The dataset is sourced from a public repository on GitHub: Movies Recommendation Dataset.

## **Import Library**

In [None]:
import pandas as pd
import numpy as np
from sklearn.feature_extraction.text import TfidfVectorizer
from sklearn.metrics.pairwise import cosine_similarity
import difflib
import matplotlib.pyplot as plt
import seaborn as sns


## **Import Data**

In [None]:
# Reading the dataset from the URL
df = pd.read_csv('https://github.com/YBI-Foundation/Dataset/raw/main/Movies%20Recommendation.csv')


## **Describe Data**

In [None]:
# Display the first few rows of the dataframe
print(df.head())

# Get information about the dataset
print(df.info())

# Display the shape of the dataset
print(df.shape)

# Display the column names
print(df.columns)


## **Data Visualization**

In [None]:
# Plotting the distribution of movie genres
plt.figure(figsize=(10, 6))
sns.countplot(y='Movie_Genre', data=df, order=df['Movie_Genre'].value_counts().index)
plt.title('Distribution of Movie Genres')
plt.xlabel('Count')
plt.ylabel('Genre')
plt.show()


## **Data Preprocessing**

In [None]:
# Select relevant features and fill missing values with empty strings
df_features = df[['Movie_Genre', 'Movie_Keywords', 'Movie_Tagline', 'Movie_Cast', 'Movie_Director']].fillna('')

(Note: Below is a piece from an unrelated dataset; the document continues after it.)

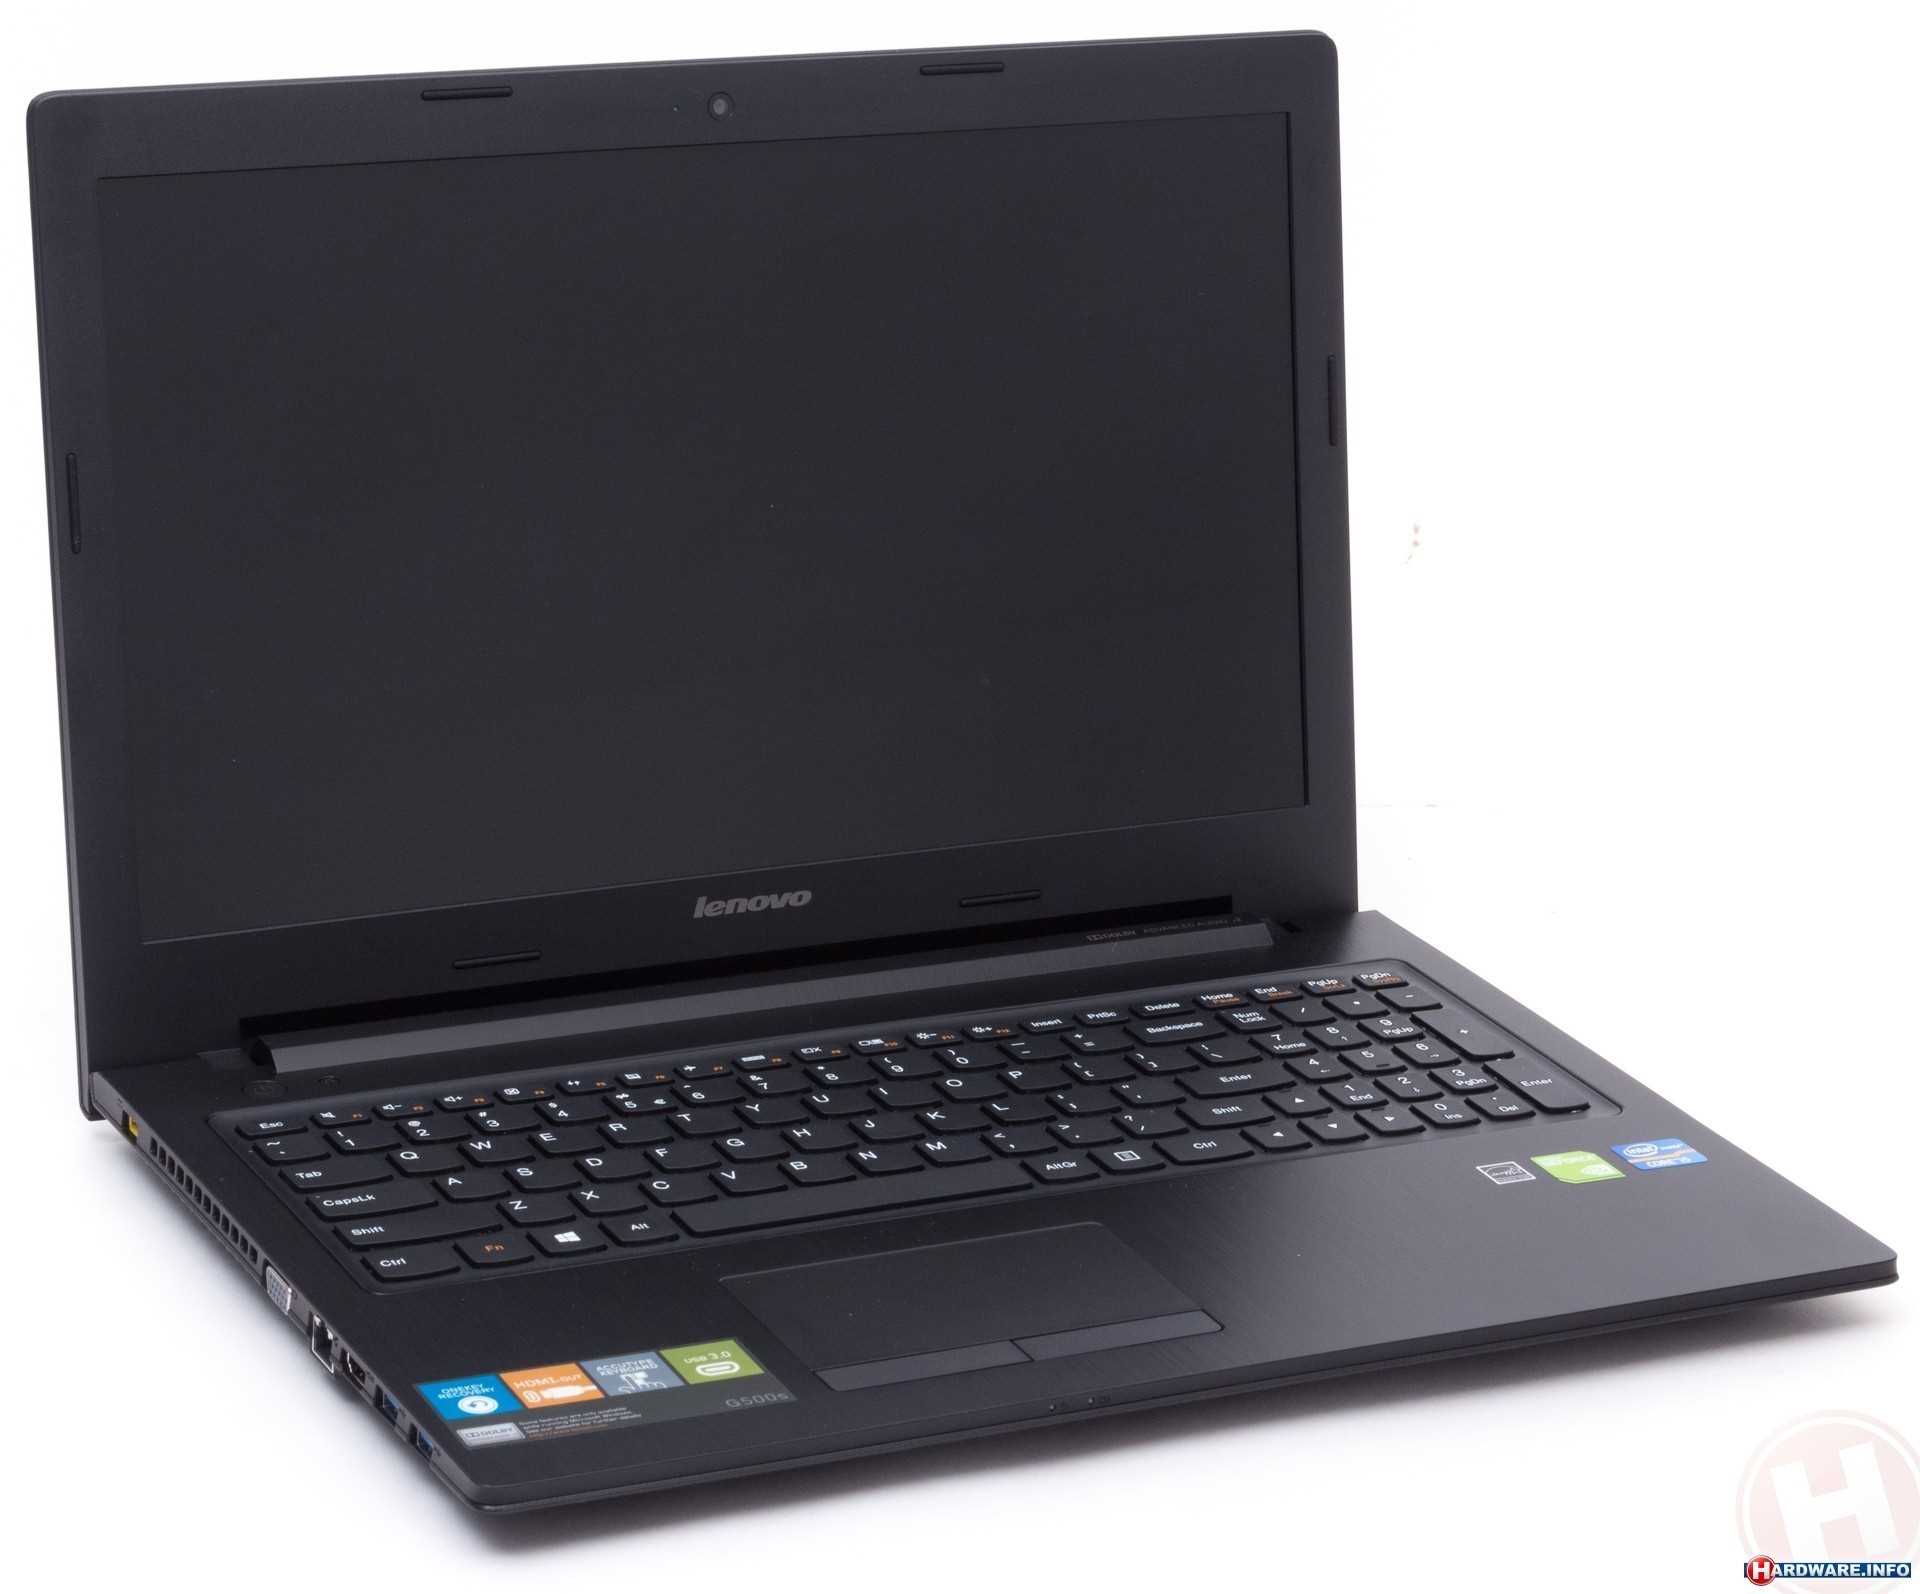 Notebook lenovo G500 i5 processor, Nor

# Combine features into a single string for each movie
X = df_features['Movie_Genre'] + ' ' + df_features['Movie_Keywords'] + ' ' + df_features['Movie_Tagline'] + ' ' + df_features['Movie_Cast'] + ' ' + df_features['Movie_Director']


## **Define Target Variable (y) and Feature Variables (X)**

In [None]:
we don't have a traditional target variable y, since we're building a recommendation system based on features X.

## **Train Test Split**

In [None]:
Not applicable here since we are not performing a traditional supervised learning task.

## **Modeling**

In [None]:
# Convert the combined features into TF-IDF vectors
tfidf = TfidfVectorizer()
X_tfidf = tfidf.fit_transform(X)

# Calculate the cosine similarity between the TF-IDF vectors
similarity_score = cosine_similarity(X_tfidf)


## **Model Evaluation**

In [None]:
Evaluation will be based on user feedback or further statistical methods to validate the recommendations, but here we focus on generating recommendations.

## **Prediction**

In [None]:
# Function to get movie recommendations
def get_recommendations(favorite_movie_name, df, similarity_score):
    all_movies_title_list = df['Movie_Title'].tolist()
    movie_recommendation = difflib.get_close_matches(favorite_movie_name, all_movies_title_list)
    
    if not movie_recommendation:
        return "No close match found for the provided movie name."
    
    close_match = movie_recommendation[0]
    index_of_close_match_movie = df[df.Movie_Title == close_match]['Movie_ID'].values[0]
    recommendation_score = list(enumerate(similarity_score[index_of_close_match_movie]))
    sorted_similar_movies = sorted(recommendation_score, key=lambda x: x[1], reverse=True)
    
    print(f'Top 10 Movies suggested for you based on {close_match}: \n')
    i = 1
    for movie in sorted_similar_movies[1:11]:  # skipping the first match as it is the same movie
        index = movie[0]
        title_from_index = df[df.index == index]['Movie_Title'].values[0]
        print(f"{i}. {title_from_index}")
        i += 1


## **Explaination**

This code builds a movie recommendation system using the TF-IDF vectorization and cosine similarity. Given a favorite movie name, it finds the closest match from the dataset and recommends similar movies based on combined features like genre, keywords, tagline, cast, and director.


In [None]:
favorite_movie_name = input('Enter your favourite movie name: ')
get_recommendations(favorite_movie_name, df, similarity_score)